I suffered from information paralysis when I started learning about data science. There are a hundred and one different websites, books, and videos to watch. I didn’t know if DataCamp was better than DataQuest.io or if I should just start reading one of the many O’Reilly books. I spent a fair amount of time on both of those sites and have read a good part of a few O’Reilly books like Think Bayes and Doing Data Science. I’ve read Introduction to Statistical Learning and plan on reading Elements to Statistical Learning in a few months. But all of those resources are very technical. As a new data scientist, you will often be encouraged to learn some of the many technical aspects of the field. I am always looking at the big picture. How does this new technique fit into solving problems with data science? This is the question I think is sometimes lost when you spend your time in the recesses of a books and journal articles. I have a few places I go when I feel like I am bogged down in the weeds of data science.

The first place I like to go to is YouTube. Past the entertaining DriveTribe videos and fail compilations, there exists a great channel called PyData. PyData “provides a forum for the international community of users and developers of data analysis tools to share ideas and learn from each other.” The YouTube channel offers a multitude of different lectures ranging the full spectrum of data science topics. I will often find myself listening to a lecture and following along with the lecturer’s Jupyter Notebook on my local machine. This is a great way to learn from folks using data science in the field. I recently listened to a great lecture by Patrick Harrison on modern natural language processing techniques. I would never have been able to learn from Harrison if it weren’t for PyData.

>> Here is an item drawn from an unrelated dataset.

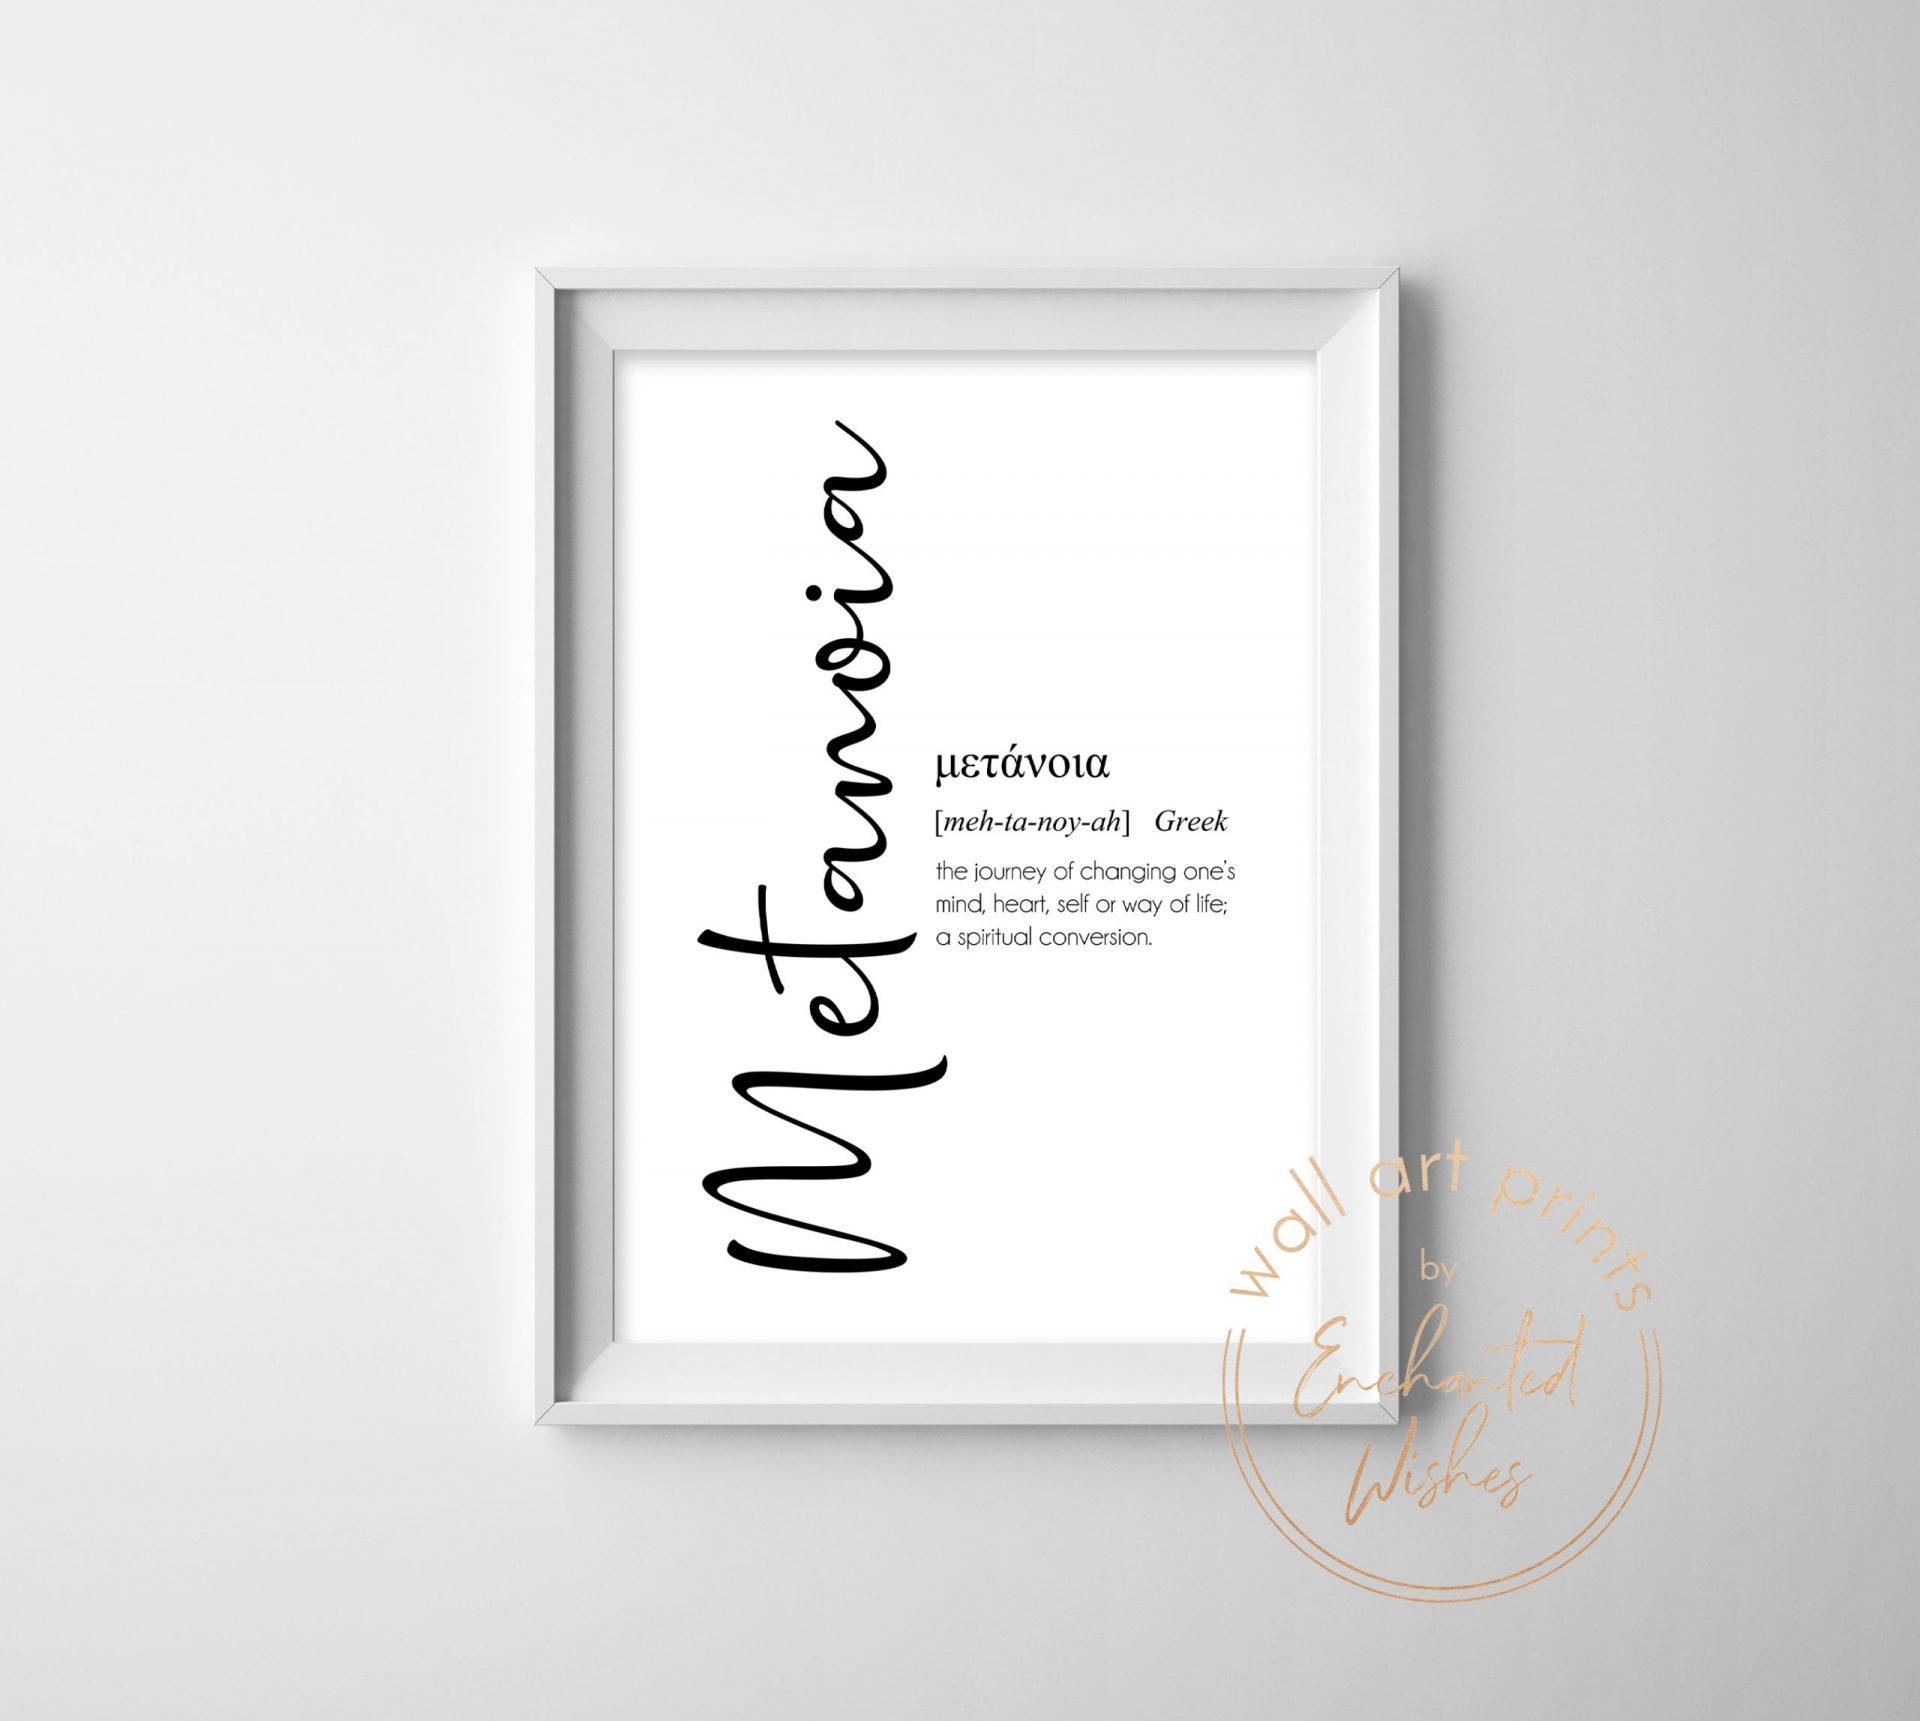 Metanoia definition print

Books have always offered me a certain level of inspiration. Nate Silver’s The Signal and the Noise, Seth Stephens-Davidowitz’s Everybody Lies, and Christian Rudder’s Dataclysm are all great examples of books that provide context to data science. Each of these veterans of data science offers a unique perspective and subject matter expertise on a wide range of topics. All three of these books leave the technical details out and for the data scientist that may be unfortunate. Nonetheless, each book provides the reader with a new use case for data science and can offer you context to your new founded data science skills.

I believe in having a macro and micro view of data science. Your current data science project is a micro project. How it fits into the world is a macro problem. At the core of it, data science is about solving problems and acting like a detective with data. If you ever find yourself bogged down by where the lambda tuning parameter in Scikit-Learn’s regularization function is, remember that data science problems need context. You are solving interesting real world problems. Always remember that.

--

--